Excellence d’entreprise

Concentration, volonté… et Kaizen

On avance petit pas par petit pas, par de petites réussites, par des tentatives, par des échecs, par de nouvelles tentatives jusqu’à la réussite finale.
Gert Linthout

C’était samedi dernier à midi, nous prenions un café dans un bar gantois.

Notre fille, Hasse, âgée de 10 mois, nous accompagnait de ses petits cris joyeux, comme elle le fait souvent lorsqu’elle entreprend des choses – pour elle – sensationnelles comme se fourrer un emballage en papier dans la bouche. Ces dernières semaines, sont venues s’ajouter à ses petits cris des tentatives enragées de se redresser sur les mains et les pieds, probablement dans le but, louable certes, mais encore inaccessible, de faire ses adieux à son existence sédentaire. C’était également le cas samedi.

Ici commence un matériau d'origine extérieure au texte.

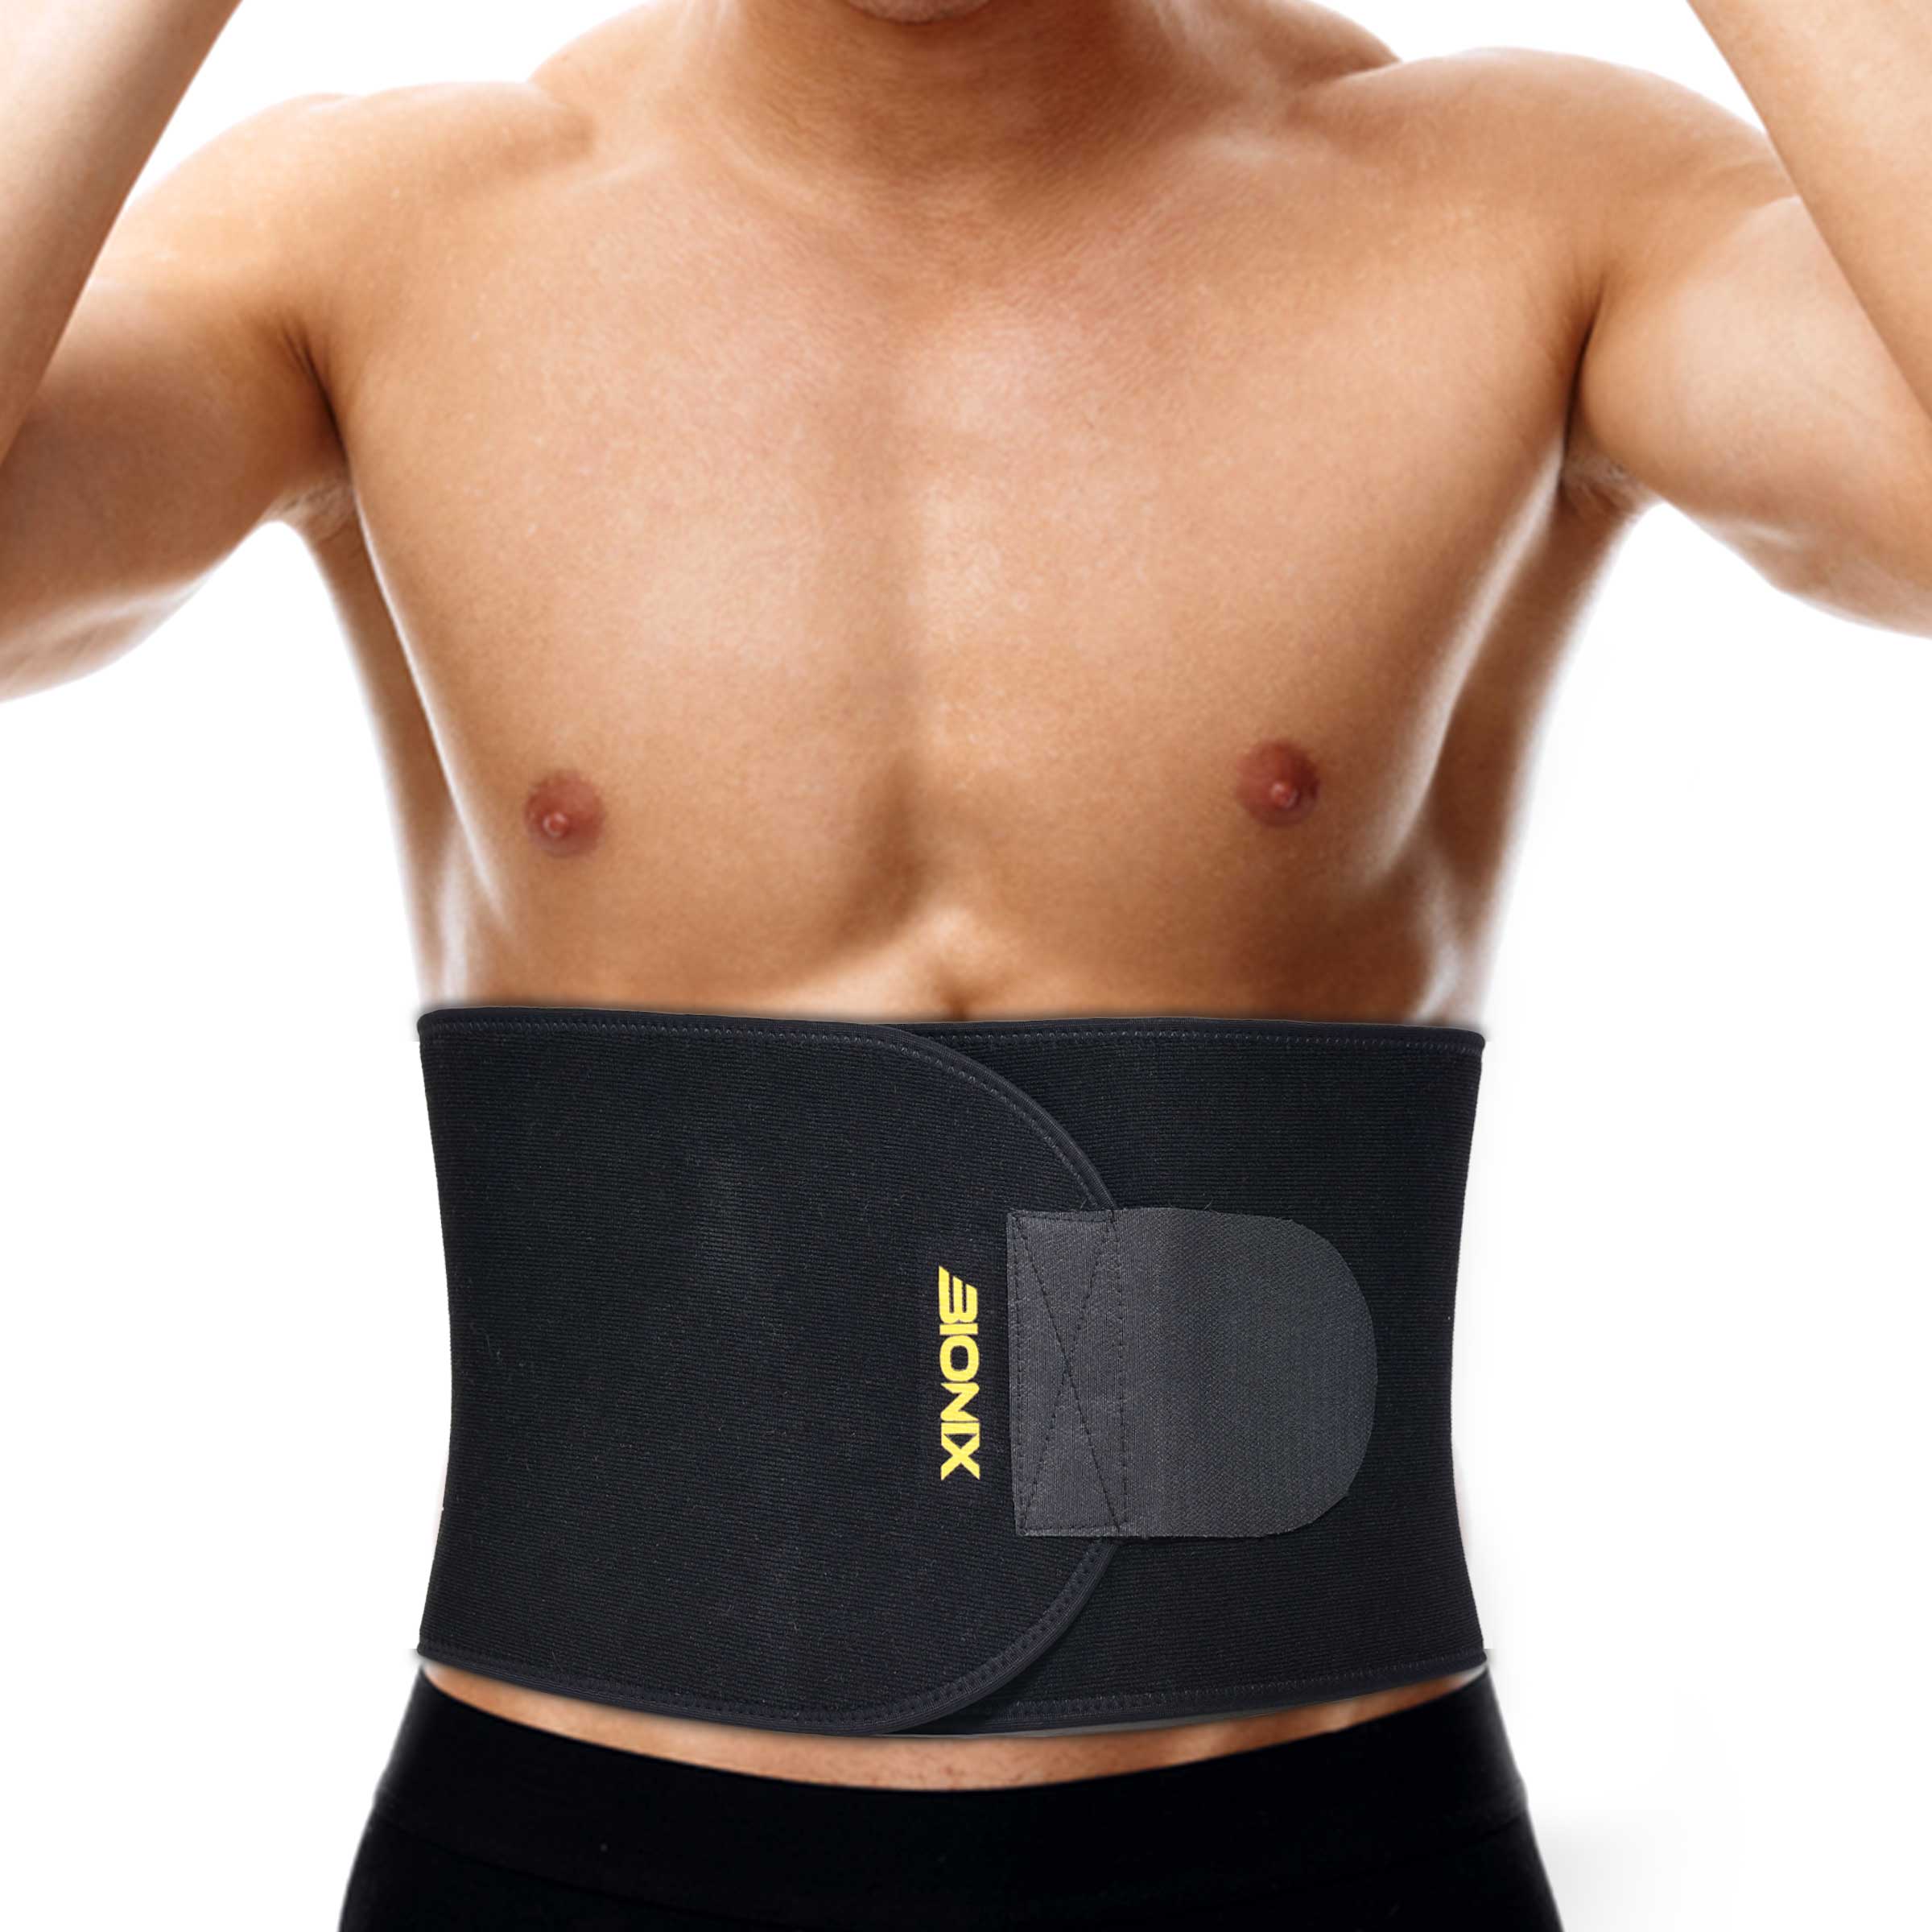 Buy XIANCO Tummy Trimmer With Sweat Slim Belt A Complete Slimming

Sans m’attendre à un quelconque effet, j’ai posé un jouet sur le sol à 1,50 m d’elle : « Viens Hasse, essaie de l’attraper… ». Après quelques efforts et frétillements, le visage tout rouge, elle a abandonné la lutte. Mais elle est restée concentrée. J’ai posé un 2e jouet un peu plus près d’elle…

À nouveau stimulée, elle a rassemblé toutes les forces qui lui restaient et effectivement : après avoir fait un peu de surplace, elle a avancé, centimètre après centimètre, à la force des bras et de sa volonté. Jusqu’à ce qu’elle attrape le jouet. Décidée, elle a persévéré et a continué pour arriver à son deuxième trophée, celui qui lui avait d’abord paru trop éloigné ! Ça y est, elle rampait à quatre pattes…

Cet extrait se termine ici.